The size, size distribution (PdI), and zeta potential of BNPs were measured by dynamic light scattering using a zetasizer (Nano-ZS, Malvern Instruments Ltd., UK) at room temperature (22 °C). The refractive index of the nanoparticle and dispersion medium was set at 1.45 and 1.33, respectively. For size determination, BNPs were diluted to an appropriate concentration using distilled water to avoid multiple scattering.
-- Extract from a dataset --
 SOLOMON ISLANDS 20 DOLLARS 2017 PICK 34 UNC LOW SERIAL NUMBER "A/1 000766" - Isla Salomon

For zeta potential determination, BNPs were diluted with phosphate buffer solution (10 mmol/L, pH 7) before measurement. The morphology of nanoparticles was examined by transmission electron microscopy (TEM). Briefly, one drop of BNP dispersion was placed onto a 300-mesh copper grid coated with carbon and let stand for 5 min. Then the excess water was removed by gently tapping filter paper at the edge of the grid without disturbing the surface. The grid was then stained with phosphotungstate (PTA) for 30 s and examined under Philips-FEI transmission electron microscope (Morgagni 268, FEI Co., Hillsboro, OR, USA) operated at 80 kV.
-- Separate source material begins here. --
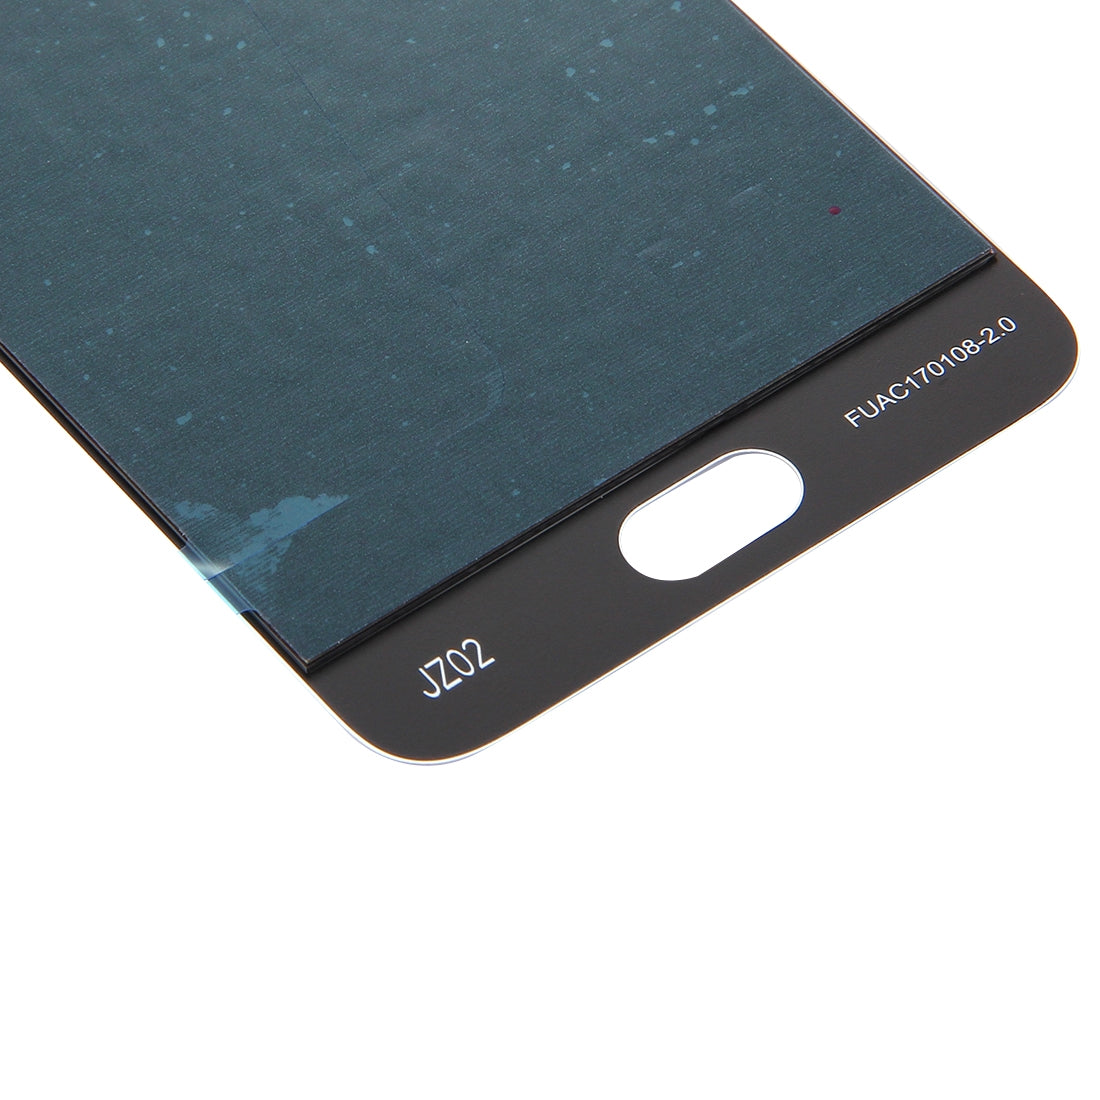 Ecran LCD + Vitre Tactile Meizu Pro 6S Blanc

The encapsulation efficiency (EE) and loading capacity (LC) of β-carotene-loaded BNPs were determined by the equations below. For total β-carotene quantification, 1 mL BNP dispersant was mixed with 3 mL ethanol, sonicated for 15 min and extracted twice with hexane (4 mL). The hexane was then pooled and evaporated under nitrogen stream with β-carotene residue left in the vial. For free β-­carotene quantification, 1 mL BNPs dispersant was mixed with 3 mL phosphate buffer solution (0.1 mol/L, with 0.9% NaCl, pH 5), and followed by centrifugation (4000×g, 15 min) to separate BNPs from aqueous phase. The free β­-carotene in aqueous phase was then extracted with hexane and dried. The extracted residues were reconstituted with 300 μL acetonitrile/ethanol (v/v = 65/35) and analyzed using the method described in Section 2.8.

$$\mathrm{EE}\left(\%\right)=\left(1-\frac{\mathrm{Free}\beta \backslash -\mathrm{carotene}}{\mathrm{Total}\beta \backslash -\mathrm{carotene}}\right)\times 100$$ (1)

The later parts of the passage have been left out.